Ich bin so eine Trantüte! Torwart-Andi hat seit einem Jahr diese exzentrische Modedesignerfreundin, und die fand seinen eigentlich ganz hübschen orangefarbenen Mopedhelm mit dem Schwarz-Weiß-Karostreifen in der Mitte nicht gut. »Wenn schon retro, dann richtig«, hat sie gesagt. Und dann hat sie Andi einen Helm aus der Ausstattung irgendeines 70er-Science-Fiction-B-Movies geschenkt. Ein Hingucker der Extraklasse. Hochglanzpolierter Chrom, vorne ein herunterklappbares Plastikvisier und hinten eine Gummimatte dran, wie bei einem Feuerwehrhelm.
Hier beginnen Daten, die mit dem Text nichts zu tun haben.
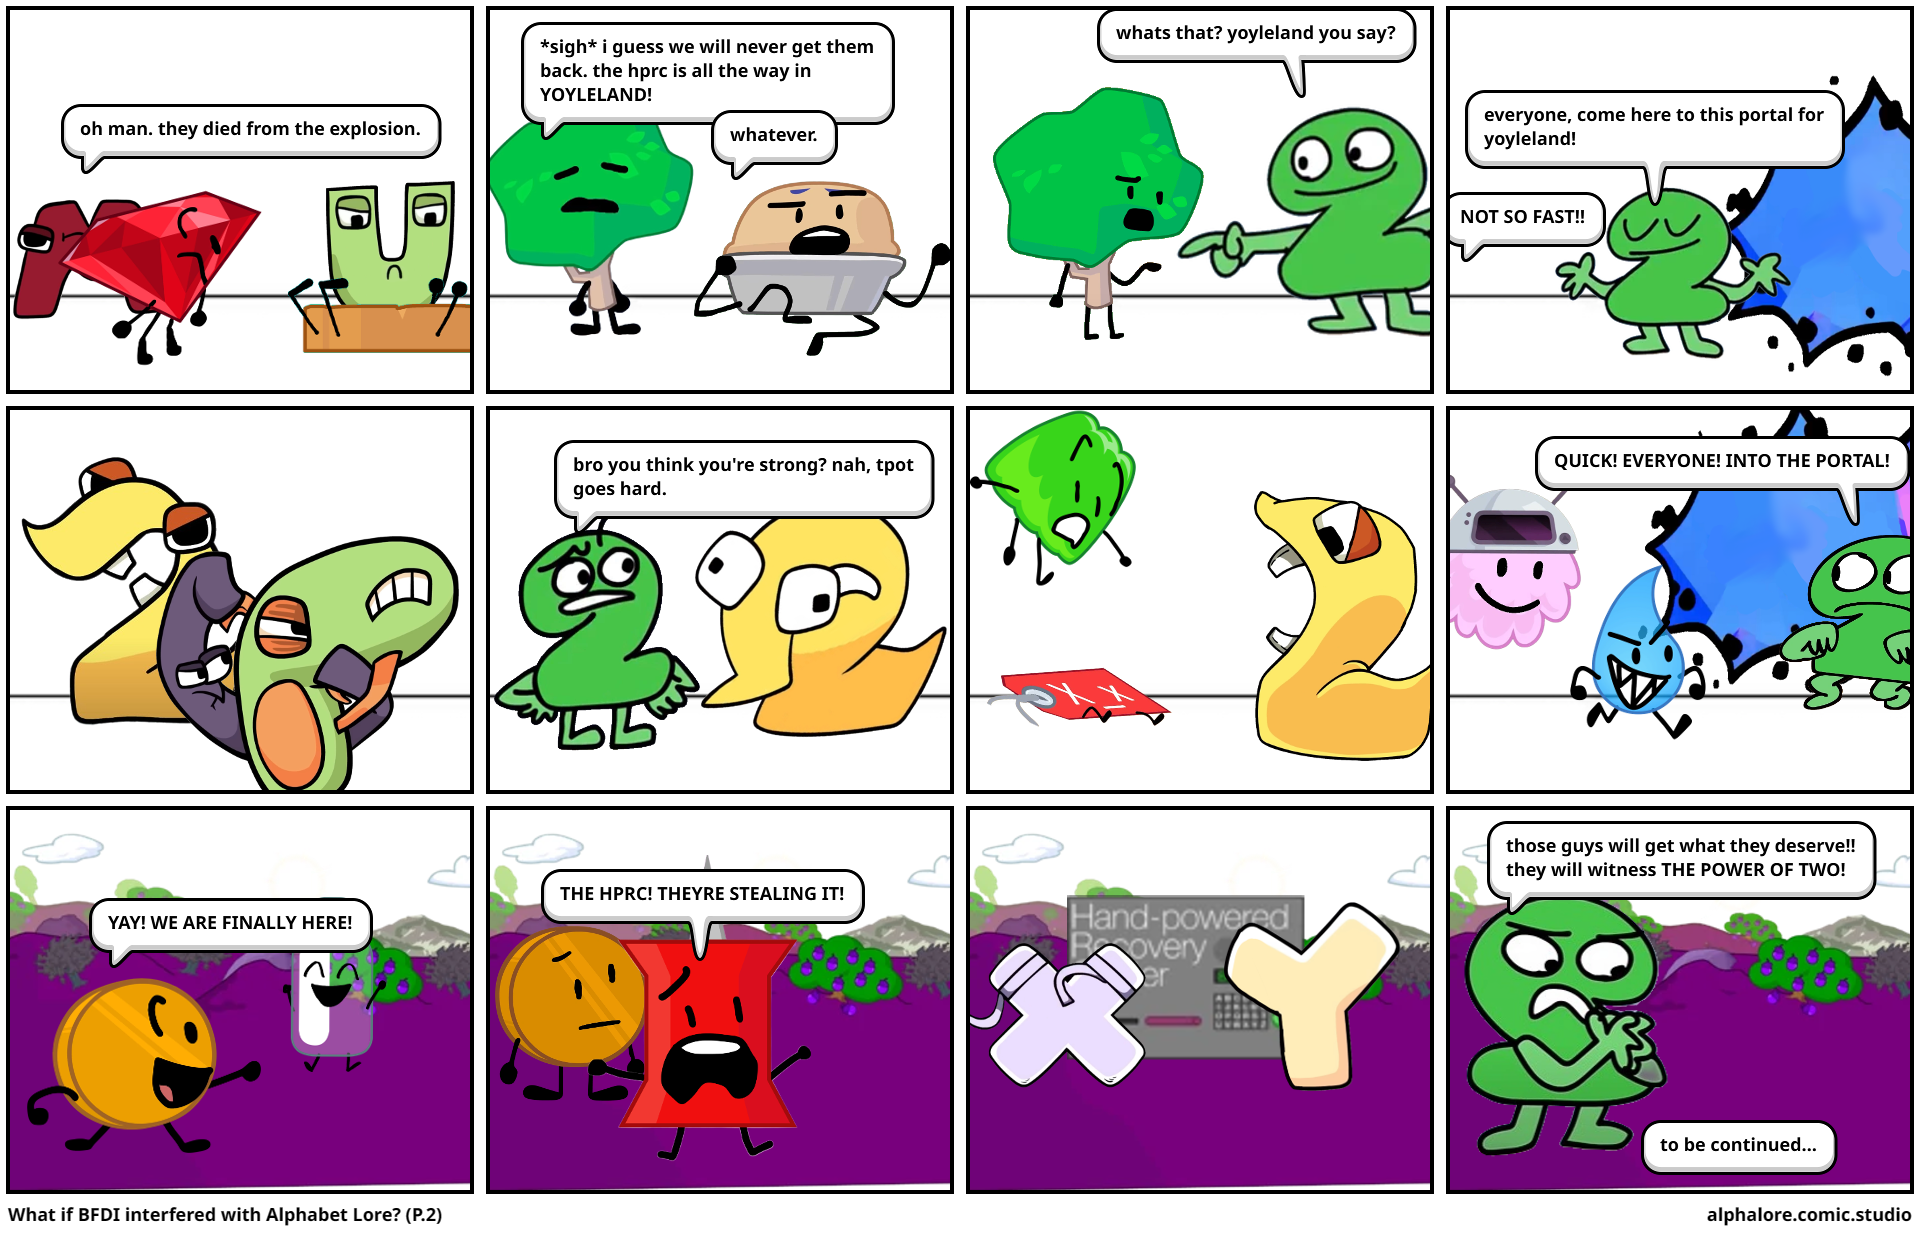 What if BFDI interfered with Alphabet Lore? (P.2)

Den trägt Andi seitdem tapfer, weil er sie wirklich liebt.
Und genau dieser Helm wird mich morgen zum sicheren Sieger machen. Hechtsprung zum Telefon.
Komm, geh ran, geh ran …
»Hallo …«
»Hallo Andi, hier ist Markus. Sag mal, könnte ich mir morgen Nachmittag deinen Space-Helm ausleihen?«
»Ach, fährst du auch bei diesem Bobby-Car-Rennen mit?«
»Woher weißt du das?«
»Du bist gut. In der Werbe- und Medienszene ist das Ding seit Tagen Stadtgespräch. Da waren PR -Profis am Werk. Sowohl Modelabels als auch Windelhersteller reißen sich darum, Hauptsponsor zu werden.«
»Ah … so ist das.«
»Gewinn mal schön. Dann bist du womöglich über Nacht ein Star. Hihi.«
»Werd ich, wenn du mir deinen Space-Helm leihst.«
»Oh … Ich glaube, du musst jetzt ganz tapfer sein.«
»Wieso?«
»Du bist zu spät. Becker hat schon vor einer Stunde … Markus, alles in Ordnung bei dir?«
»Ja. Hab nur vor Wut gegen die Wand getreten. Knöchel wird gerade ein bisschen dick …«
»Ich kann dir gern meinen alten Helm leihen. Den orangen. Ganz unter uns, ich finde den sowieso viel schöner.«
*
Ich habe schon wieder mein Brotstückchen im Fonduetopf verloren. Aber wie soll man sich auch vernünftig aufs Essen konzentrieren, wenn man am nächsten Tag ein Rennen hat. Ich stehe unter Druck. Wenn Becker mit Andis Space-Helm die Modewertung gewinnt, muss ich auf jeden Fall der Schnellste sein, um überhaupt noch eine Chance zu haben.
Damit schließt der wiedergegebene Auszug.